The Result: The corners of the diamond hit the axes.
- Hitting an axis means the coefficient for that variable becomes zero.

The “Bet on Sparsity”

Assumption: The underlying truth is “sparse”—only a few variables truly matter.
Reality in Social Science: Data is often dense (everything correlates with everything).
Functional Sparsity: We prioritize a parsimonious model we can actually interpret.

Example: Personality Data

Context: Predicting an outcome using Big Five personality items (\(p=25\)) + Education.
Result: LASSO sets nearly half the predictors to zero.
Benefit: Filters the signal from the noise, leaving a cleaner model.

Implementation

Section 5: Practical Application

Prerequisite: Standardization

The Problem: The penalty is uniform. Large-scale variables (Income) have small coefficients; Small-scale variables (GPA) have large coefficients.
The Consequence: Without scaling, the penalty unfairly crushes variables with small natural scales.
The Fix: Standardize (Center and Scale) all predictors to Mean=0, SD=1. Categorical variables must be dummy coded before standardization.

Choosing Lambda: Cross-Validation

Process:
1. Split data into folds (e.g., 10-fold CV).
2. Test a sequence of \(\lambda\) values.
3. Calculate Mean Squared Error (MSE) for each \(\lambda\).
Visualization: The “CV Path” shows error changing as complexity changes.

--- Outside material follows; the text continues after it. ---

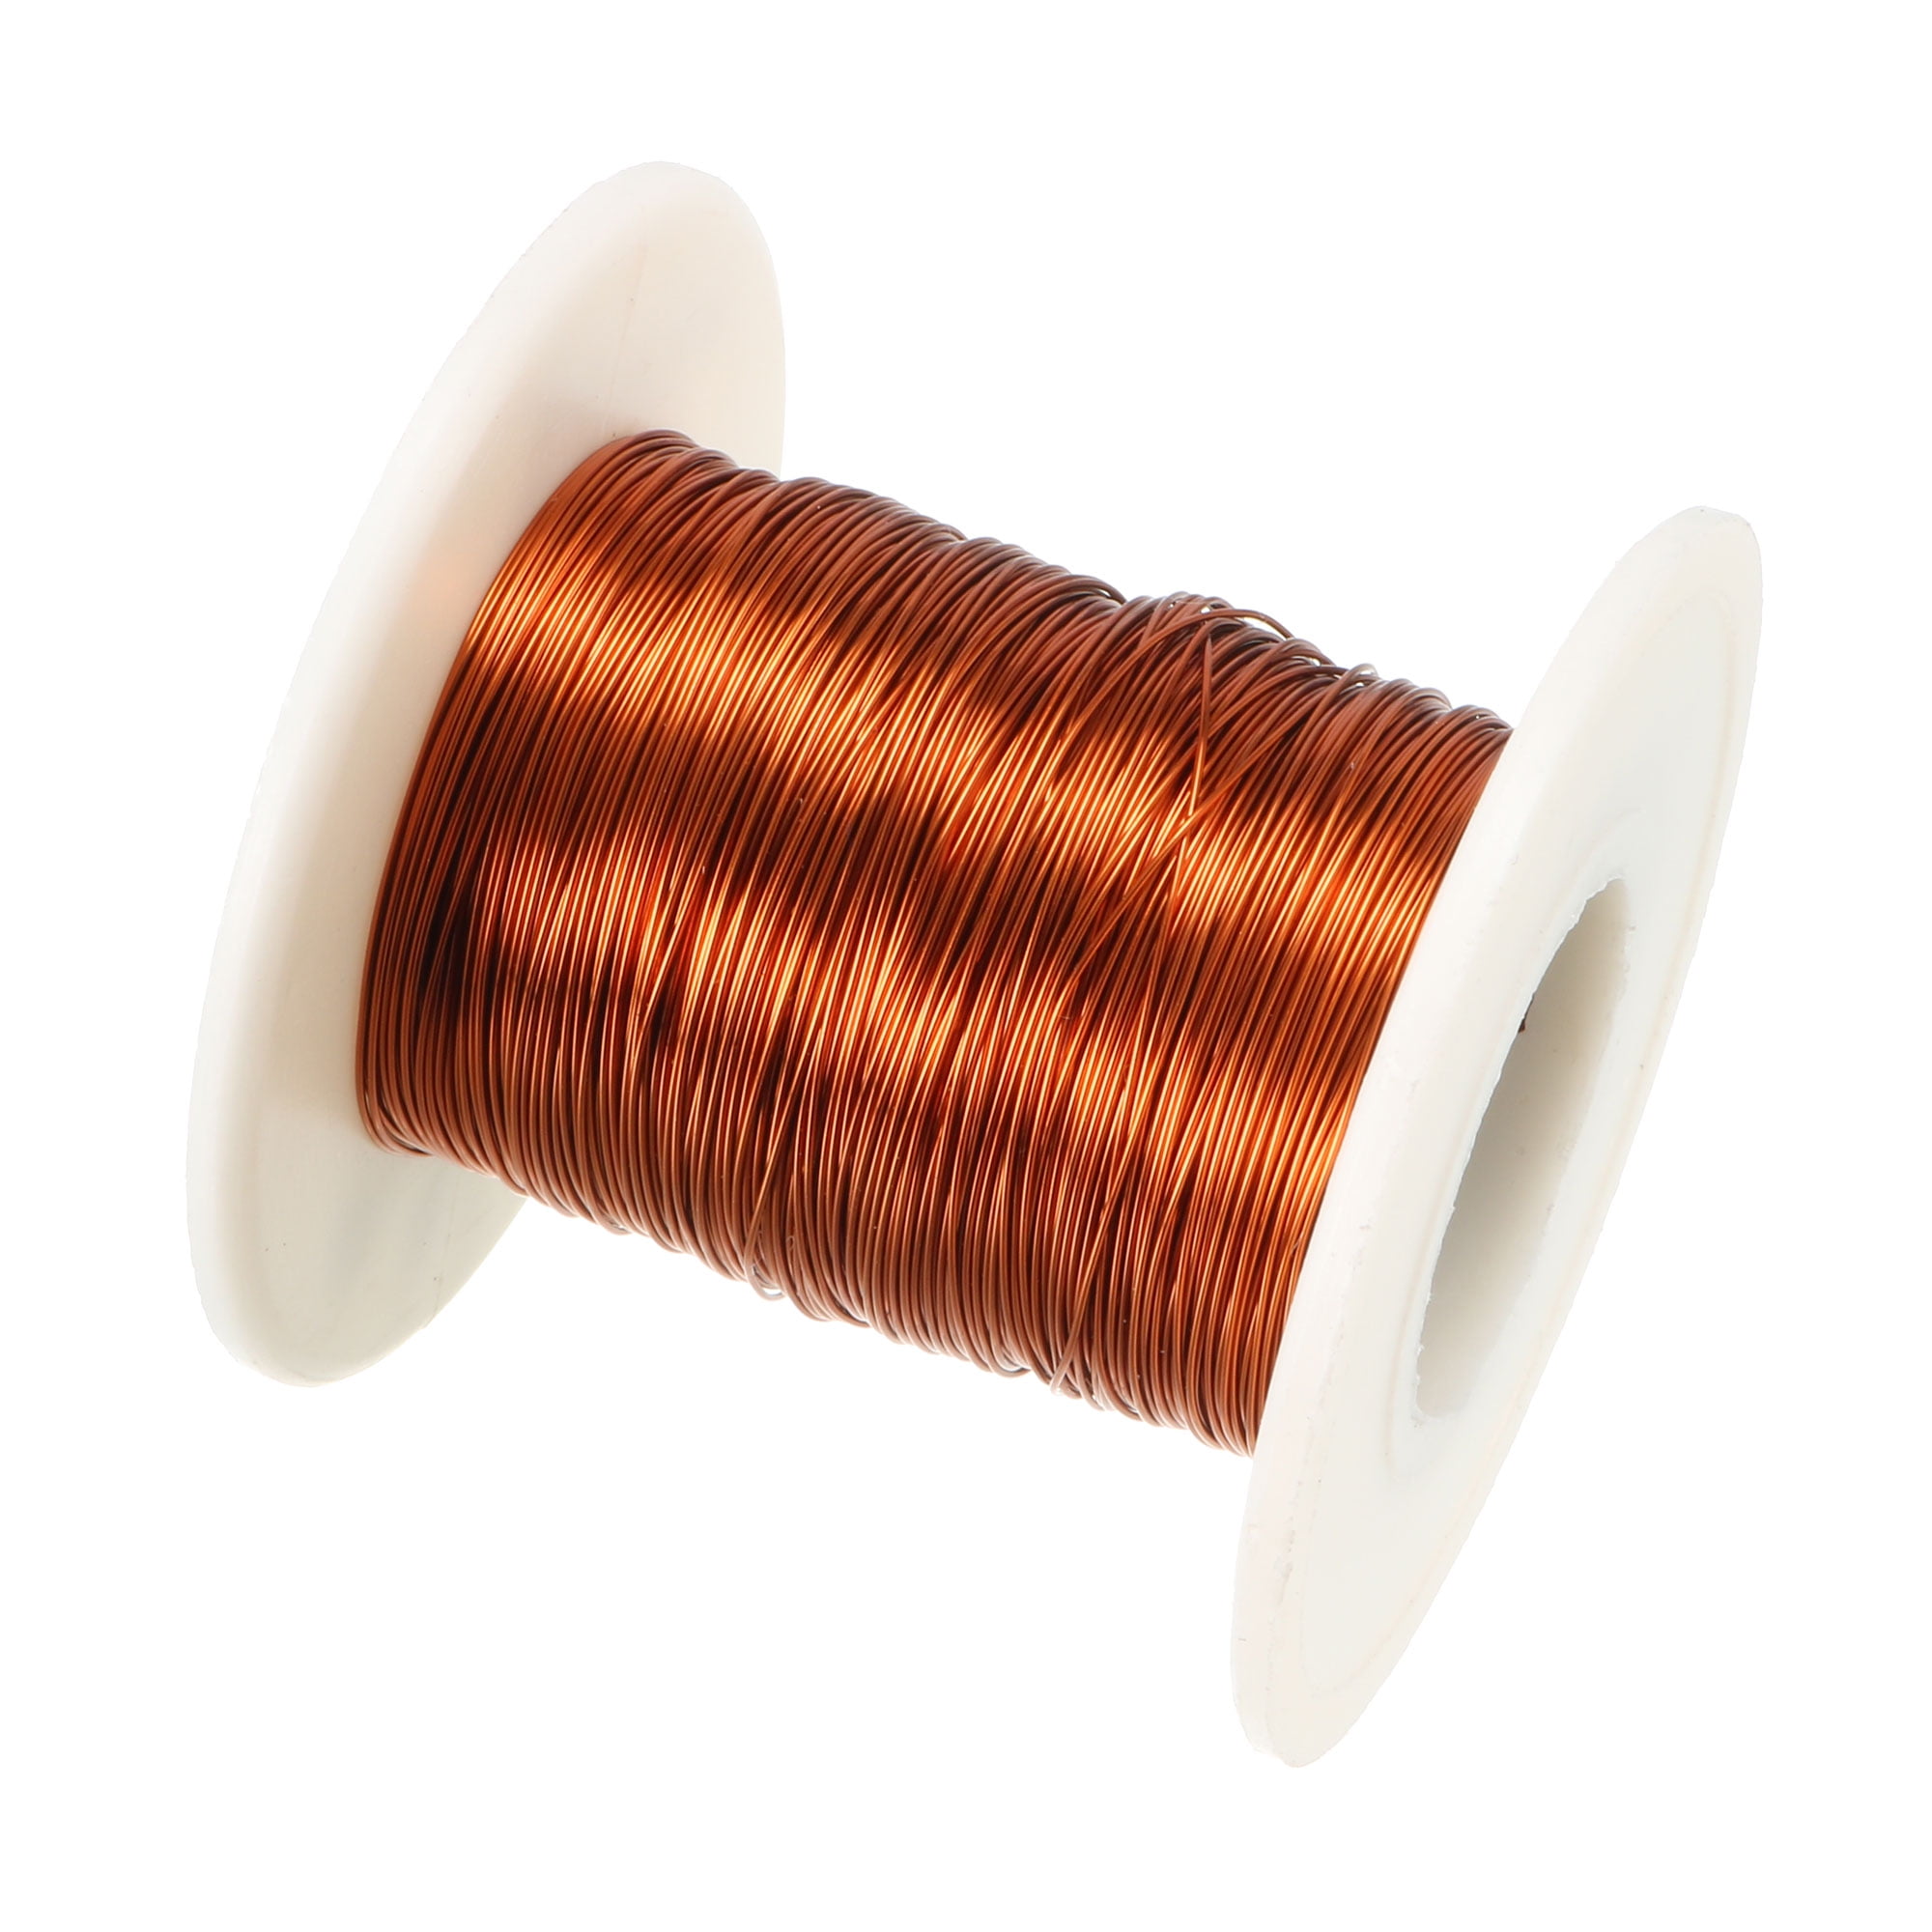 22 AWG Solid Enameled Bare Copper Magnet Wire - 1/4 lb Spool

The “One Standard Error Rule”

Min MSE: The \(\lambda\) value that minimizes error mathematically.
1SE Rule: Select the most parsimonious model (higher \(\lambda\)) whose error is within 1 Standard Error of the minimum.
Why? Err on the side of simplicity. If a simpler model is statistically indistinguishable from the complex one, pick the simple one.

Advanced Methods

Section 6: Extensions

Elastic Net: Best of Both Worlds

The Limitation of LASSO: If variables are highly correlated, LASSO picks one arbitrarily and drops the rest.
The Solution: Elastic Net mixes L1 (Lasso) and L2 (Ridge) penalties.
- \(\alpha\) parameter controls the mix (\(\alpha=0.5\) is equal mix).
Outcome: Performs selection (Lasso) but keeps correlated groups together (Ridge).

Stability Selection

The Problem: Variable selection can be unstable. Changing the data split slightly changes which variables are picked.
The Fix:
1. Subsample data 1,000 times.
2. Run selection on each subsample.
3. Keep variables with high Selection Probability.

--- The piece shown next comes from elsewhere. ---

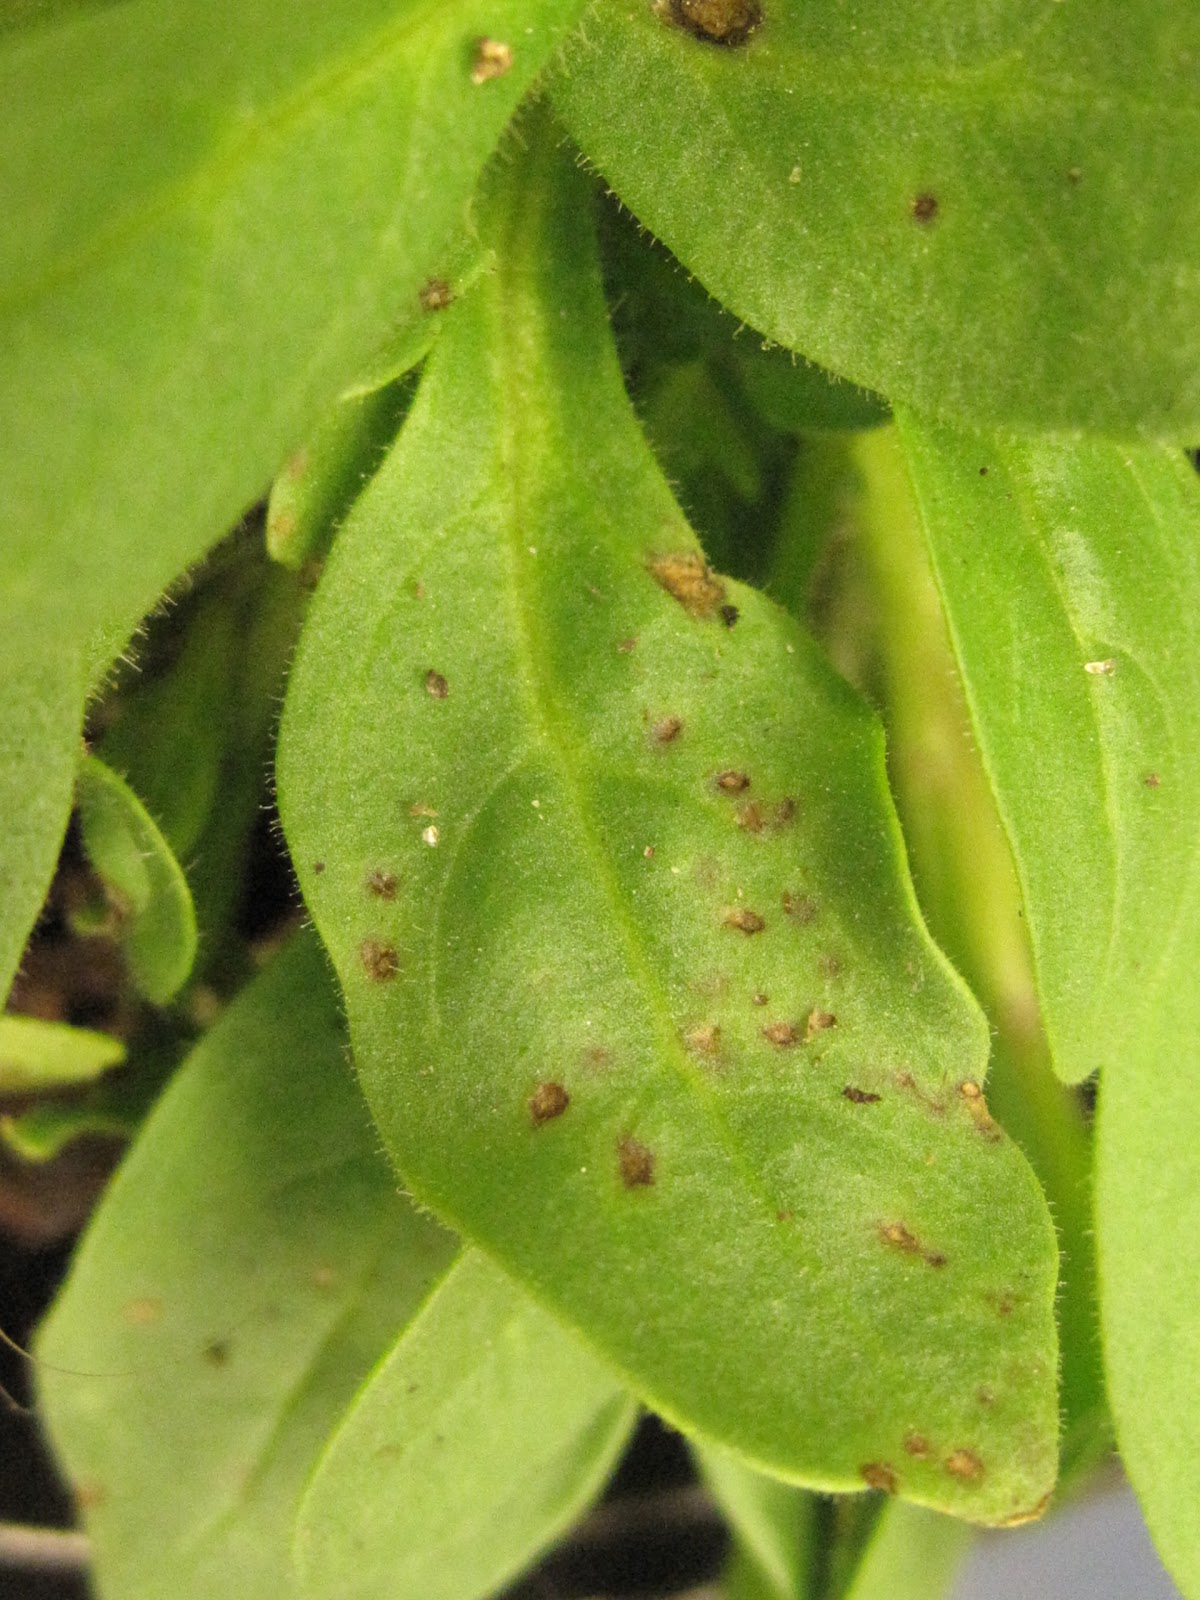 NCSU PDIC: Bacterial Leaf Spot: Acidovorax in the Greenhouse

Hierarchical LASSO: Interactions

Context: Testing moderation (e.g., Treatment \(\times\) Prior Knowledge).
Challenge: With many predictors, checking all interactions is impossible manually.
Solution: Hierarchical LASSO automates interaction search.
Strong Hierarchy: An interaction is only “unlocked” if its main effects are also selected.

Group LASSO

Context: Categorical variables (e.g., Race/Ethnicity dummy codes) or psychometric scales.
Problem: Standard LASSO might drop “Hispanic” but keep “Asian,” breaking the variable structure.
Solution: Applies penalty to the Group of variables. They are either all included or all dropped.

Conclusion: A New Standard

Embrace Complexity: Regularization allows us to analyze high-dimensional data without being fooled by it.
Filter Signal from Noise: It provides a principled way to reduce complex data to interpretable models.
The Future: Moving towards robust, generalizable prediction in the Learning Sciences.